What should be copied is the stretch of entries below from the line with "Butelka Od Serca" up to and including the line with "LA Piccola Italiana", exactly and without images.

§ **Records supplied**
━━━━━━━━━━━━━━━━━━━━━━━━━━━━━━

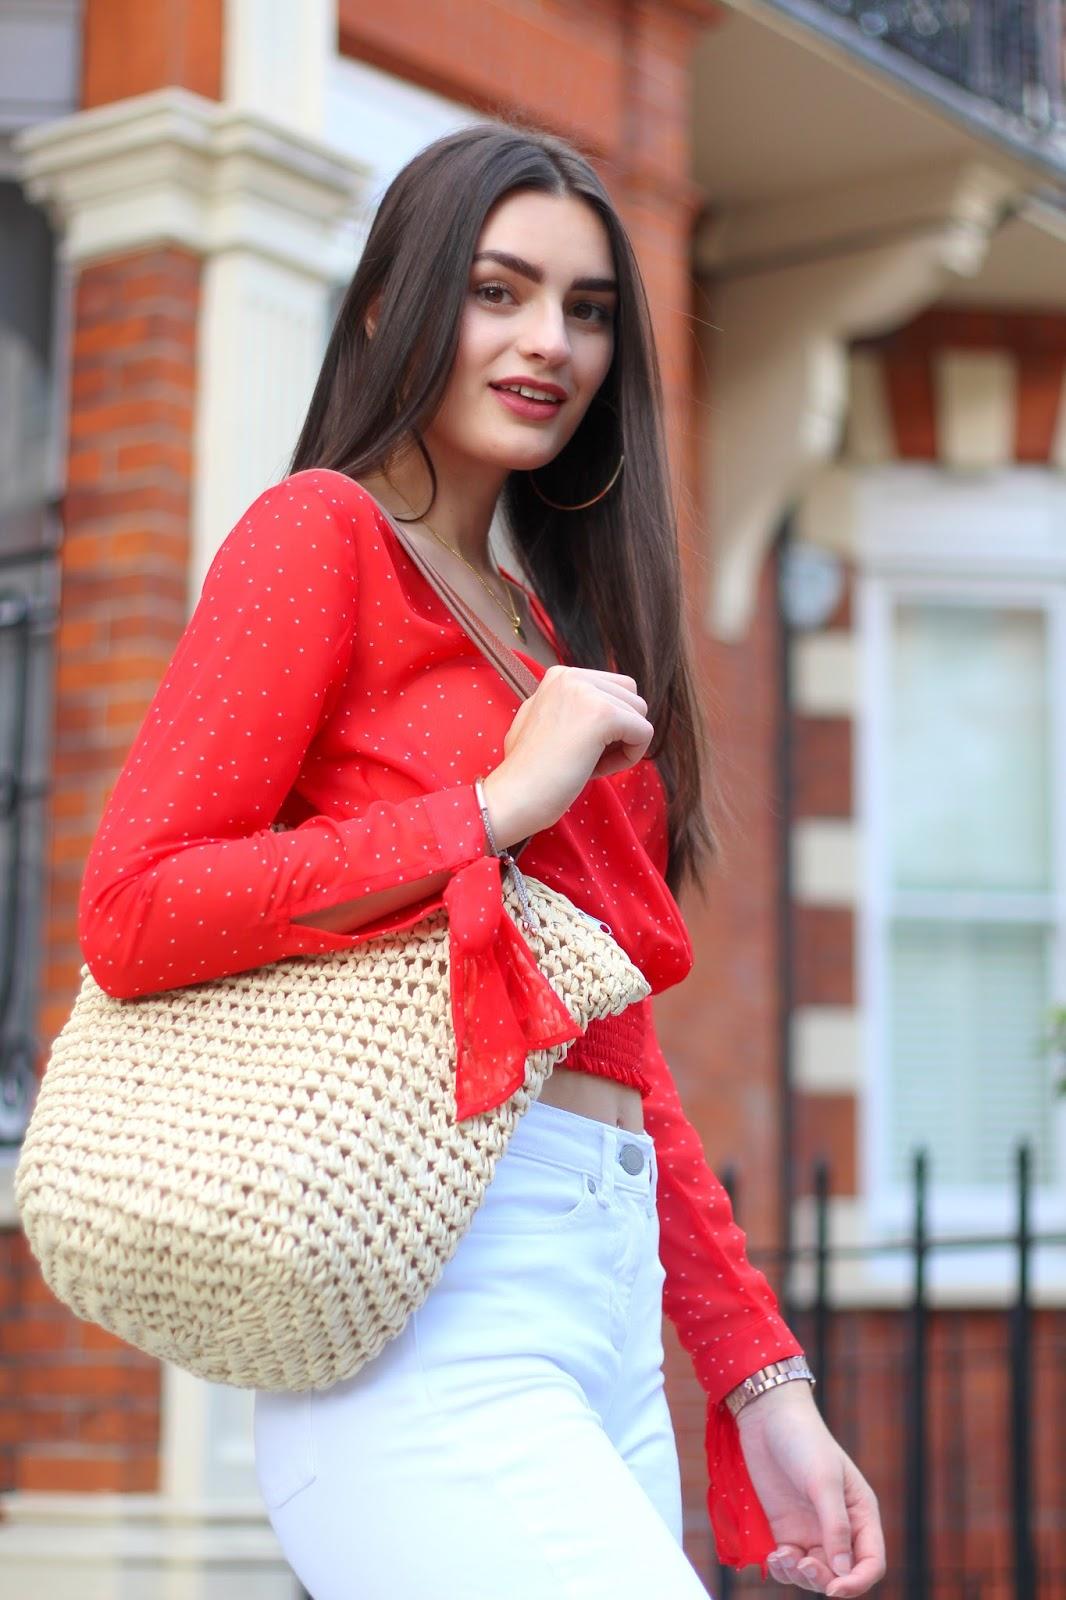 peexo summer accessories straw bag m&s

━━━━━━━━━━━━━━━━━━━━━━━━━━━━━━

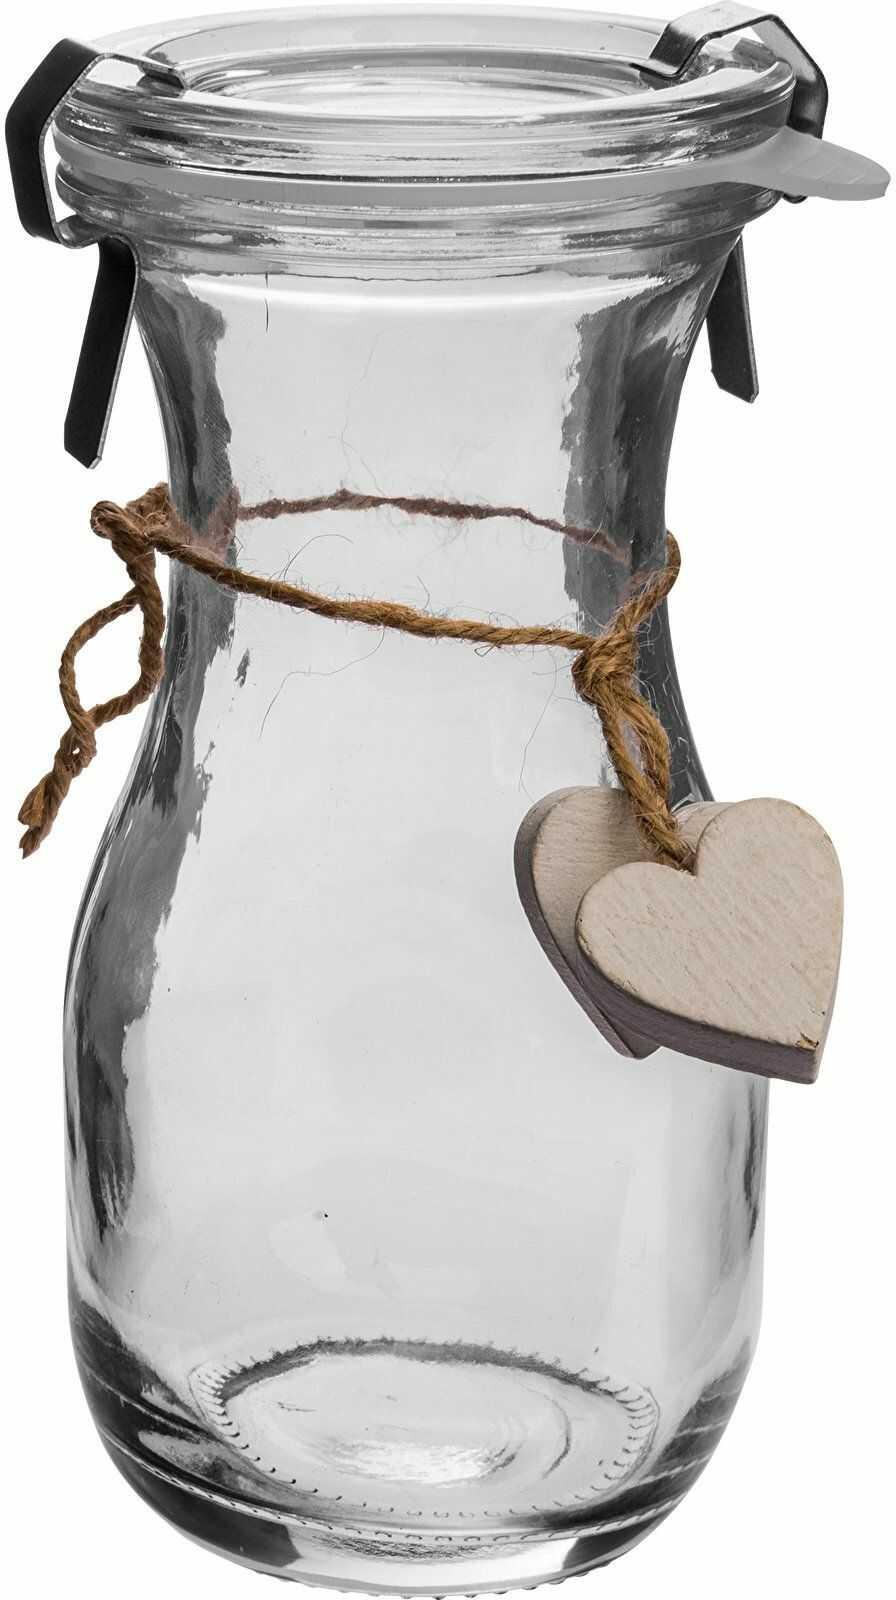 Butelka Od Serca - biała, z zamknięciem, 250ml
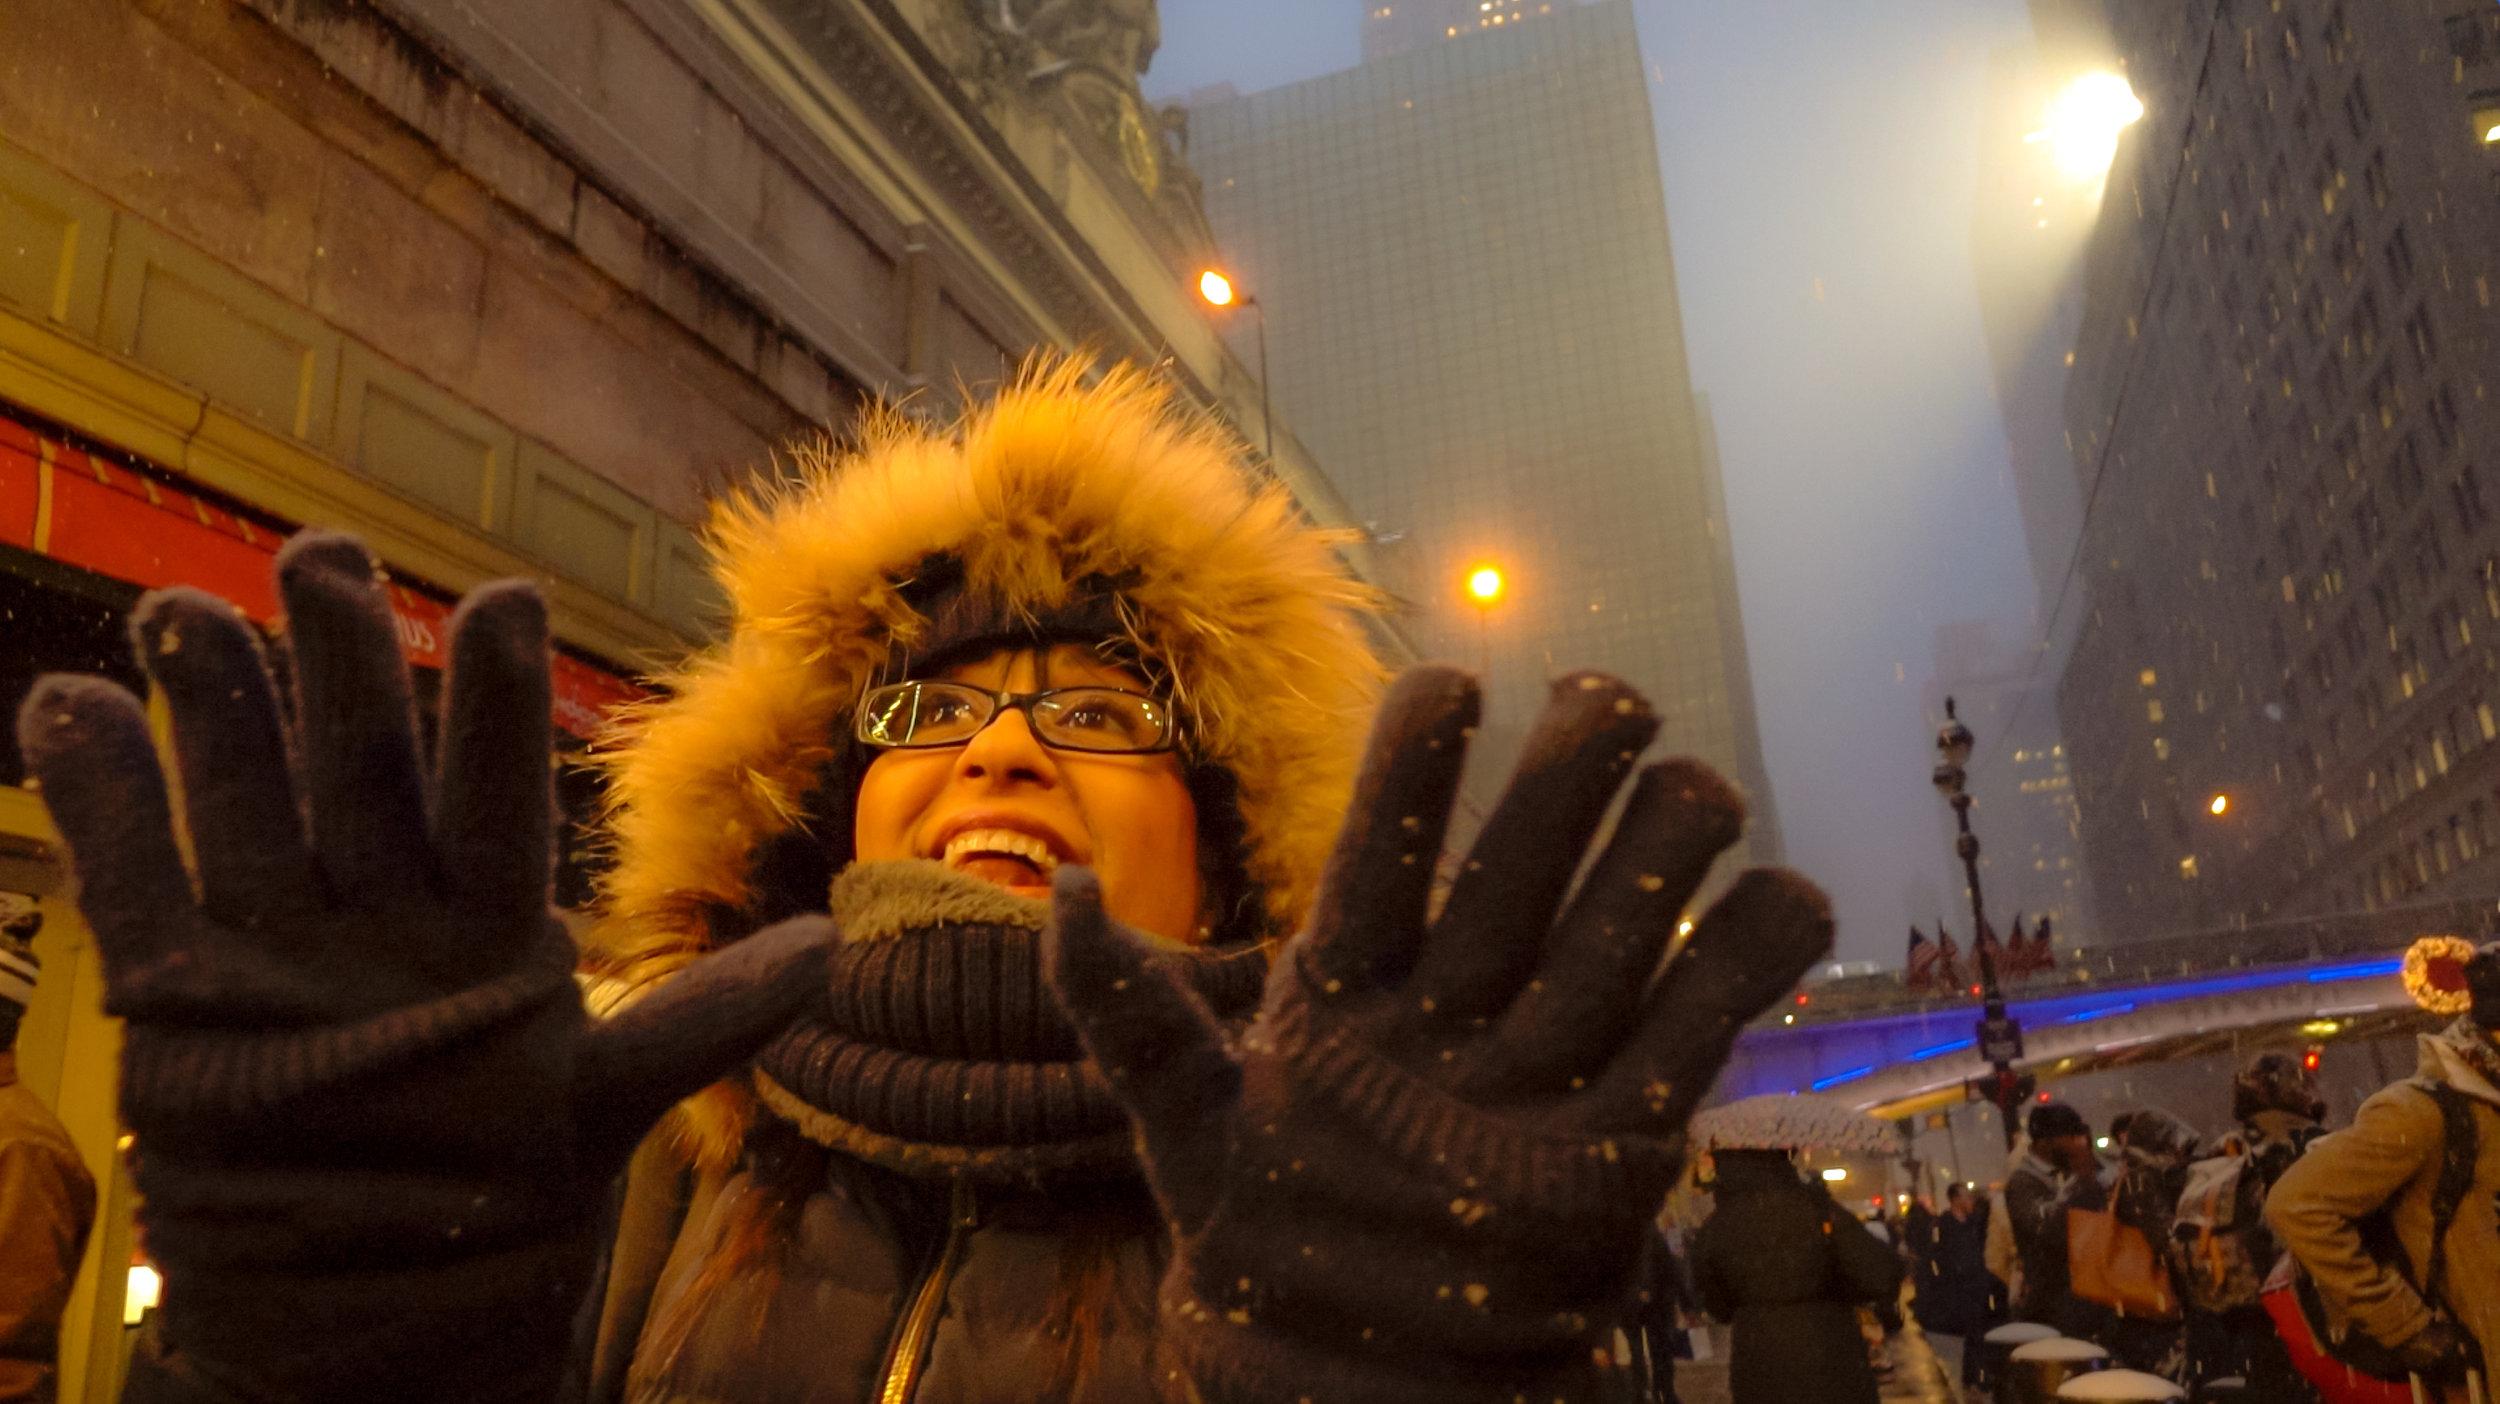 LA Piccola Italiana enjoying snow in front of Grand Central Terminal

━━━━━━━━━━━━━━━━━━━━━━━━━━━━━━

§ **Result below**
 Butelka Od Serca - biała, z zamknięciem, 250ml
 LA Piccola Italiana enjoying snow in front of Grand Central Terminal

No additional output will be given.